*** DATA EXTRACTS
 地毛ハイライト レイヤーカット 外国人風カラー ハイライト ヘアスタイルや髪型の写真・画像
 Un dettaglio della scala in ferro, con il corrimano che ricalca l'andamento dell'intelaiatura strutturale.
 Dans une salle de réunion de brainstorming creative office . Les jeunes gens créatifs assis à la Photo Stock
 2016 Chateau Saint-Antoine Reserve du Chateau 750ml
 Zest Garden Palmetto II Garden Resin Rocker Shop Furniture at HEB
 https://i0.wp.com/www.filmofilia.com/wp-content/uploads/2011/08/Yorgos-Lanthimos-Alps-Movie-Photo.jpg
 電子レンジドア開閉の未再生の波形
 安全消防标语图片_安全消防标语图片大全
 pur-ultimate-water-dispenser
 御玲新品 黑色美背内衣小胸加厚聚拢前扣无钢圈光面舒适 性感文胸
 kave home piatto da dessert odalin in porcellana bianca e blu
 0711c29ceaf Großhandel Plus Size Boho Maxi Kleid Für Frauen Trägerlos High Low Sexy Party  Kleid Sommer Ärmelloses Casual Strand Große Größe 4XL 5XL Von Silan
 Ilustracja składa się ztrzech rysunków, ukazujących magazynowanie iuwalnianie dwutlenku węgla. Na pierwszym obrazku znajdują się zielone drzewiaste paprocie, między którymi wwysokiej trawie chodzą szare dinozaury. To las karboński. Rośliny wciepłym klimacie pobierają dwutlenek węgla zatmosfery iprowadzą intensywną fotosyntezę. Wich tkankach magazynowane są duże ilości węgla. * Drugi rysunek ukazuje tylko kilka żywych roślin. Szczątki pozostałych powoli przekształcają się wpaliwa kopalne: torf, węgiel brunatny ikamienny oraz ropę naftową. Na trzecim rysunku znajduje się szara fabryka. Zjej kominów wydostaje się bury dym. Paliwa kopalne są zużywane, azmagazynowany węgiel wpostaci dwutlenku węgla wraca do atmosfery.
******
▶ TASK PROMPT: Locate the line with "kave home piatto" in the entries above; extract it and every line after it, verbatim.

▶ SOLVED EXERCISE:
 kave home piatto da dessert odalin in porcellana bianca e blu
 0711c29ceaf Großhandel Plus Size Boho Maxi Kleid Für Frauen Trägerlos High Low Sexy Party  Kleid Sommer Ärmelloses Casual Strand Große Größe 4XL 5XL Von Silan
 Ilustracja składa się ztrzech rysunków, ukazujących magazynowanie iuwalnianie dwutlenku węgla. Na pierwszym obrazku znajdują się zielone drzewiaste paprocie, między którymi wwysokiej trawie chodzą szare dinozaury. To las karboński. Rośliny wciepłym klimacie pobierają dwutlenek węgla zatmosfery iprowadzą intensywną fotosyntezę. Wich tkankach magazynowane są duże ilości węgla. * Drugi rysunek ukazuje tylko kilka żywych roślin. Szczątki pozostałych powoli przekształcają się wpaliwa kopalne: torf, węgiel brunatny ikamienny oraz ropę naftową. Na trzecim rysunku znajduje się szara fabryka. Zjej kominów wydostaje się bury dym. Paliwa kopalne są zużywane, azmagazynowany węgiel wpostaci dwutlenku węgla wraca do atmosfery.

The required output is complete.